Grandmother Fights to Adopt Grandchild

When you are dealing with pensioners who live on a fixed income, is it really fair that they should lose their grandchildren forever because they can’t afford a lawyer. We, Kathey and Rob Raskin of Las Vegas, think not, but that is exactly what is happening to one grandmother in Gloucester, England. A paternal grandmother of a child whose parents were unable to care for him has been forced to fight local child protective services for custody of her beloved grandchild after caseworkers recommended the child be put up for adoption.

 

An Unprecedented Ruling

Due to financial difficulties, this grandmother was forced to fight the courts without legal counsel.
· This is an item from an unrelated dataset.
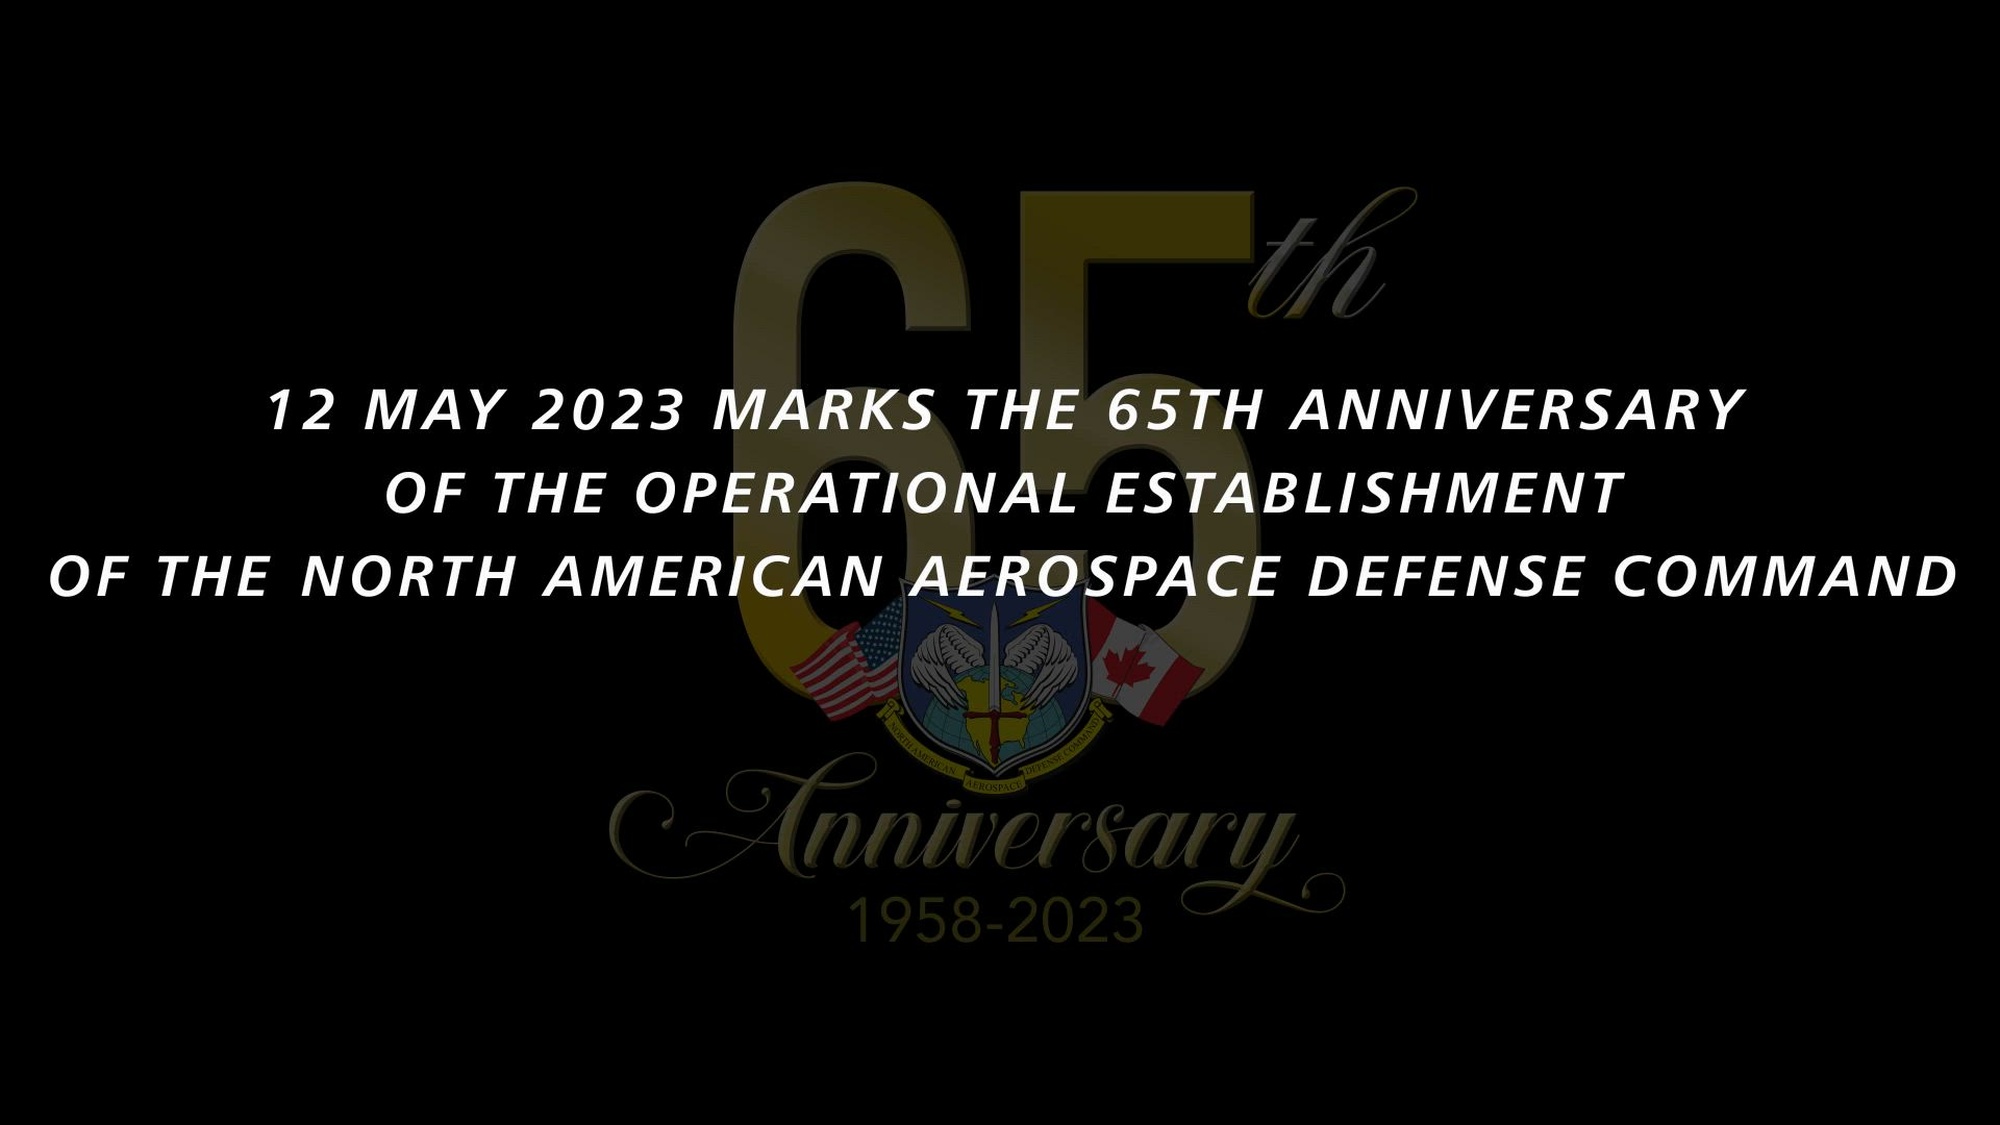 Video celebrating NORAD's 65th Anniversary on May 12, 2023.

As increasing numbers of grandparents both in the US and in the US become caretakers of their grandchildren, the accessibility of legal help for these guardians has become more important than ever before, but no provisions have been made to provide free-of-charge family law help. In an unprecedented ruling that will hopefully set an example other court justices will follow, the judge who presided over the case not only ruled that the grandmother should be awarded custody of the child—he also ruled that the details of her experience be made public. Gloucester’s child protective system has been described as inadequate, and the thanks to their inadequacy the baby was unnecessarily put at risk by remaining in the system for far too long—seven months, in fact, in a system that has a maximum cap of 26 weeks. At last the baby is with his grandmother, and we, Kathey and Rob Raskin, hope to see more cases have outcomes like this one.